→ WHAT THE EXERCISE ASKS
Locate and copy each line in the data that contains the word "Louis".

→ EXTRACTED MATERIAL
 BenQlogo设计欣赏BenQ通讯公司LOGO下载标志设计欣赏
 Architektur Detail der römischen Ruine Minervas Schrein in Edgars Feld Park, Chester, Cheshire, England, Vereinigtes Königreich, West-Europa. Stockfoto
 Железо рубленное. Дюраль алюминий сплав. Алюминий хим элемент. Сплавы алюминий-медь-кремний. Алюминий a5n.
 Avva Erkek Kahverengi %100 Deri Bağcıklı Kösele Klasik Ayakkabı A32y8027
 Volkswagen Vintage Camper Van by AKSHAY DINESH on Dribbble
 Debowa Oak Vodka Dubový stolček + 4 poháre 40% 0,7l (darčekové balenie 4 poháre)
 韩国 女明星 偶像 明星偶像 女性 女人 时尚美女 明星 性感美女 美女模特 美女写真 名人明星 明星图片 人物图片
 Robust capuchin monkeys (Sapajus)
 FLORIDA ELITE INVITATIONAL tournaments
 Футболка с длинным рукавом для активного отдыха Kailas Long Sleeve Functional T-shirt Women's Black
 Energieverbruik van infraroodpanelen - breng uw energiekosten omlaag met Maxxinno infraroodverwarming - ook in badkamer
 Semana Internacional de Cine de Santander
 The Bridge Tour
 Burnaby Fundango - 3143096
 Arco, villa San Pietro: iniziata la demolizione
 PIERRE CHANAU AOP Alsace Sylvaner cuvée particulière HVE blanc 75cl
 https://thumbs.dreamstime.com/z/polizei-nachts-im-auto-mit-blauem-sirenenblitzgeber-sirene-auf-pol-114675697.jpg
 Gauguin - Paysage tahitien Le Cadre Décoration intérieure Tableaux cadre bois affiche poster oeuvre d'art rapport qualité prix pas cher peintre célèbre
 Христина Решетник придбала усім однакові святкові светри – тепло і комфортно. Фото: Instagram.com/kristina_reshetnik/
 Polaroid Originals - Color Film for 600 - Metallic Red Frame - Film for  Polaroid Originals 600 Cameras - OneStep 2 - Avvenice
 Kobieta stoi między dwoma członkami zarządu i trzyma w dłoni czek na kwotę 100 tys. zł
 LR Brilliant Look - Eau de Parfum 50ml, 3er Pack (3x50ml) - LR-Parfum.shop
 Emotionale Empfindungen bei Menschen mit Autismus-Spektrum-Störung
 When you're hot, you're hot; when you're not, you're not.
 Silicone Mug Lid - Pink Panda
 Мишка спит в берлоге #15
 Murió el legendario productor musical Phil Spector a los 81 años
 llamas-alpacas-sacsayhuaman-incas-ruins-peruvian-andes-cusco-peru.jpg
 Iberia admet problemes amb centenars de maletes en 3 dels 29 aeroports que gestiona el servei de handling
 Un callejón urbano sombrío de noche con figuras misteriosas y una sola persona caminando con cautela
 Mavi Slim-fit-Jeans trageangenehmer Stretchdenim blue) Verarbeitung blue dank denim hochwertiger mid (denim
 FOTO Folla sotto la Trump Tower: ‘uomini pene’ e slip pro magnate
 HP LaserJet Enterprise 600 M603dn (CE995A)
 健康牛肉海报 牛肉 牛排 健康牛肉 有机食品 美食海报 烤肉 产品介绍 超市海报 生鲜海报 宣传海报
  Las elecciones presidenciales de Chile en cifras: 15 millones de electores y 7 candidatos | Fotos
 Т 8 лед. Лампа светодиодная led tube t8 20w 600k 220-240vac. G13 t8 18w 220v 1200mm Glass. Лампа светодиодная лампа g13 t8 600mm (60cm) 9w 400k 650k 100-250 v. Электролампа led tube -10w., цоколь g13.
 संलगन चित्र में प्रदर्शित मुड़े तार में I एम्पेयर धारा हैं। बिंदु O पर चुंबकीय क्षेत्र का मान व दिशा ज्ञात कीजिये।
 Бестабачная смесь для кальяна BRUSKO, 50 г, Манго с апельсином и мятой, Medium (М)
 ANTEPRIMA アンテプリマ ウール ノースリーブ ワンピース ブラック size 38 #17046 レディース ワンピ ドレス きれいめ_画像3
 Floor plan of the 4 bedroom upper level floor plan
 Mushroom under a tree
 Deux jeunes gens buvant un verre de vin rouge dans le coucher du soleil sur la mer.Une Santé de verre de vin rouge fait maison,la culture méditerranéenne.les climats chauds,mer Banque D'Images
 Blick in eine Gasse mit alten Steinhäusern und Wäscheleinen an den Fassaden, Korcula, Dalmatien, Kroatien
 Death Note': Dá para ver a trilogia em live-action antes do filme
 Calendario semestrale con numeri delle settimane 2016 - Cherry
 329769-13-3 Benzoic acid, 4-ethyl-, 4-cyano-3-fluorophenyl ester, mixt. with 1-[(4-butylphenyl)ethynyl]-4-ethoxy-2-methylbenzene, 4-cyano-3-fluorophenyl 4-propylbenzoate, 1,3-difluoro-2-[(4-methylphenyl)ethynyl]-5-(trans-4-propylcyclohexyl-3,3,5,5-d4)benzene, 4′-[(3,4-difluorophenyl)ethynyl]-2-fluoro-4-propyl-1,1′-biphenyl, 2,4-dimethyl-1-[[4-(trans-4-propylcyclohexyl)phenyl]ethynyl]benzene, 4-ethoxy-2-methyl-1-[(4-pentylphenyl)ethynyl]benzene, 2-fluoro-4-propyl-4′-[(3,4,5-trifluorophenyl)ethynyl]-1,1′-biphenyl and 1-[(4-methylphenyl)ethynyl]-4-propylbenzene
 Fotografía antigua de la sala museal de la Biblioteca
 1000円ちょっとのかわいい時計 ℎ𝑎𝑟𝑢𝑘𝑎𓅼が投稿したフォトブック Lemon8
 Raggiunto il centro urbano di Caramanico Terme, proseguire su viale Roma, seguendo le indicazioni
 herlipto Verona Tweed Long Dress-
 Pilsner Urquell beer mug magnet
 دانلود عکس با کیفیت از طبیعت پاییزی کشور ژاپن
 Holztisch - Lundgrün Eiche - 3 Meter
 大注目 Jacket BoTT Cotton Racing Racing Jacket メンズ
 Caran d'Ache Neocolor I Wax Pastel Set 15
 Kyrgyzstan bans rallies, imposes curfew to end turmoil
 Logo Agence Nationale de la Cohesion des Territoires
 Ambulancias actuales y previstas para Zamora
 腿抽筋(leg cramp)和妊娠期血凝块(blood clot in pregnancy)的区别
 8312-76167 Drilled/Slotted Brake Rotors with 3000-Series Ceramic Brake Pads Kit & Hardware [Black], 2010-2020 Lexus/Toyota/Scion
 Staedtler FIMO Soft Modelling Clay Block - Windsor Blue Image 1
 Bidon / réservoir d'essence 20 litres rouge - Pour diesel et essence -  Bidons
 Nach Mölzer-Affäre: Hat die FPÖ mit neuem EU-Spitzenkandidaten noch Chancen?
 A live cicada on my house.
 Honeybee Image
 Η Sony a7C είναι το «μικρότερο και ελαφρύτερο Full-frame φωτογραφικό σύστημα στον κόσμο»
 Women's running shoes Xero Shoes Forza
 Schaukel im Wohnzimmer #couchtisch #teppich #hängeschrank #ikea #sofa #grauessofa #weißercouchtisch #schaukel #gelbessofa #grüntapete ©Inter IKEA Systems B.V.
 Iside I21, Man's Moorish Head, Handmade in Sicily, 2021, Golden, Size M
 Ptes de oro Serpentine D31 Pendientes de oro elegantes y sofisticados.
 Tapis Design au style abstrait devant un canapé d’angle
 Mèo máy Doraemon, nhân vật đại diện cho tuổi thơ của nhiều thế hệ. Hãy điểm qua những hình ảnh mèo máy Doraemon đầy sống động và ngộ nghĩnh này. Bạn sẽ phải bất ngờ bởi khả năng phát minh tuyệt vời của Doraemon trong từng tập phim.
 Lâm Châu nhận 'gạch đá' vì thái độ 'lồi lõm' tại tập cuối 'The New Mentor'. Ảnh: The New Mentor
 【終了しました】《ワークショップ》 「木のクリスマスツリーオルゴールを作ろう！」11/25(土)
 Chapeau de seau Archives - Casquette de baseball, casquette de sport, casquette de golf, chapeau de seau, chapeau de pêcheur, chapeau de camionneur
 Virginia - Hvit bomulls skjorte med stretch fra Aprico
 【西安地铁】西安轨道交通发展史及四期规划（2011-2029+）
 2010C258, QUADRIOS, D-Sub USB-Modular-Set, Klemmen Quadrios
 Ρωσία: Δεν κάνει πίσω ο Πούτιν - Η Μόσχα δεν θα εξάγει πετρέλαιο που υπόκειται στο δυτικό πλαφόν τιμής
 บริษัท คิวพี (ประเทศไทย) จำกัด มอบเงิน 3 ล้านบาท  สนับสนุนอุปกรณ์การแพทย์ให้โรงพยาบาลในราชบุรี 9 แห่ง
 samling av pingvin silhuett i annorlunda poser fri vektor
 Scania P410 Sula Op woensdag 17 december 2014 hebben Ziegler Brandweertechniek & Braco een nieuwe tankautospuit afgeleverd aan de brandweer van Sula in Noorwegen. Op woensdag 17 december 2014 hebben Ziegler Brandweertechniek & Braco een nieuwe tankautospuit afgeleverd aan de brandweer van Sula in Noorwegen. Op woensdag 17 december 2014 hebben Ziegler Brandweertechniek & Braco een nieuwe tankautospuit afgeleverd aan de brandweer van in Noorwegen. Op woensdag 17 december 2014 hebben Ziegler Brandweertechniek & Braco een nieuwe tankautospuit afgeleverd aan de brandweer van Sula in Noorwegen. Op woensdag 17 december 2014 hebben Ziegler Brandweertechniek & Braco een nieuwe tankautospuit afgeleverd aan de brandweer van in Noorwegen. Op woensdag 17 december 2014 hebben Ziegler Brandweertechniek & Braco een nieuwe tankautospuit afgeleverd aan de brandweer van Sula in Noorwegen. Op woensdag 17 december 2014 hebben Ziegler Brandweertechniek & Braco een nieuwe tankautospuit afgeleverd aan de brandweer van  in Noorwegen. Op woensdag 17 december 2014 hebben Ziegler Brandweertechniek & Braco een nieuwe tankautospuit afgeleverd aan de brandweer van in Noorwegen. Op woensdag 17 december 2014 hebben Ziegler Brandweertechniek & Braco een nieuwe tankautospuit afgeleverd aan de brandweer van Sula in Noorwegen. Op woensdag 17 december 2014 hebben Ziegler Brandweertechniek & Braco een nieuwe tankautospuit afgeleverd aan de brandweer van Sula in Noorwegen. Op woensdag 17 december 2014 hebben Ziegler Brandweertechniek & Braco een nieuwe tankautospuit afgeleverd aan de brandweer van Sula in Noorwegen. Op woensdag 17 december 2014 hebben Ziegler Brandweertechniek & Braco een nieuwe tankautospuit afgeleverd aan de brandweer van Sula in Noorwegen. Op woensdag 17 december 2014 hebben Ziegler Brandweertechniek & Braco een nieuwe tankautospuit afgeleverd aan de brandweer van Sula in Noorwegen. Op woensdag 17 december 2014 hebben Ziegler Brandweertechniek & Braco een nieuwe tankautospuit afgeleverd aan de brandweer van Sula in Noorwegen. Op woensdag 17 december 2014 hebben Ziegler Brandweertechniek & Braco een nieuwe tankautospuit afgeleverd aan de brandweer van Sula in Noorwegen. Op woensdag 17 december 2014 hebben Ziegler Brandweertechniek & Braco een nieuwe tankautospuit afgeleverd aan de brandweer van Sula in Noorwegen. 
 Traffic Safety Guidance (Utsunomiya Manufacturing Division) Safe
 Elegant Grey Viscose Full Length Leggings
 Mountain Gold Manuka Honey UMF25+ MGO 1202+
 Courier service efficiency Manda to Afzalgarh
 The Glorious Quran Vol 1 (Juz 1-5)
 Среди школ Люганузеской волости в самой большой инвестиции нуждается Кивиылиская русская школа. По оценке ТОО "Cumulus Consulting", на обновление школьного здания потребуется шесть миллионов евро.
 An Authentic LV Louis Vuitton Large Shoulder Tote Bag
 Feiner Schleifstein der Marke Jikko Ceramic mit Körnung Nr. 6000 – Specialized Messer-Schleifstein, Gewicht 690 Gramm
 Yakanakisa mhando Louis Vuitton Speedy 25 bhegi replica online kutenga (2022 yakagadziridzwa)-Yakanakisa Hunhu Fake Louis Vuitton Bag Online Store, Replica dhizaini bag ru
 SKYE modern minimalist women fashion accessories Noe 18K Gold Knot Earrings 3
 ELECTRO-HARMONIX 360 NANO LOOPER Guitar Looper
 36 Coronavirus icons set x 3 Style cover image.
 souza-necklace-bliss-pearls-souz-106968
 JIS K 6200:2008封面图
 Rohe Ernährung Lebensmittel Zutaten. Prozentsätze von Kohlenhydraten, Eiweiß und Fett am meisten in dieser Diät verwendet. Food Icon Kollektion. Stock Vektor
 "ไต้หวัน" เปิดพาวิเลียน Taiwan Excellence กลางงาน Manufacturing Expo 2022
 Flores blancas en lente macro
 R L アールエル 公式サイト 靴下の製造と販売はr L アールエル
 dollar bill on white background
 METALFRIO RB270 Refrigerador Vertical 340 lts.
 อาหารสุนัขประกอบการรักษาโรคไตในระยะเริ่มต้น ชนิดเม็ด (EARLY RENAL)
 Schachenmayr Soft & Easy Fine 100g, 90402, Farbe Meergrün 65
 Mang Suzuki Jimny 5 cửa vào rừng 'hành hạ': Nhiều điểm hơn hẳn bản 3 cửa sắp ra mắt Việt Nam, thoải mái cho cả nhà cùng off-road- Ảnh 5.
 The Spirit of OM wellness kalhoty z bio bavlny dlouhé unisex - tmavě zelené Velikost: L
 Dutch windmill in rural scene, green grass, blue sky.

→ RESPONSE FOR THIS EXERCISE
 An Authentic LV Louis Vuitton Large Shoulder Tote Bag
 Yakanakisa mhando Louis Vuitton Speedy 25 bhegi replica online kutenga (2022 yakagadziridzwa)-Yakanakisa Hunhu Fake Louis Vuitton Bag Online Store, Replica dhizaini bag ru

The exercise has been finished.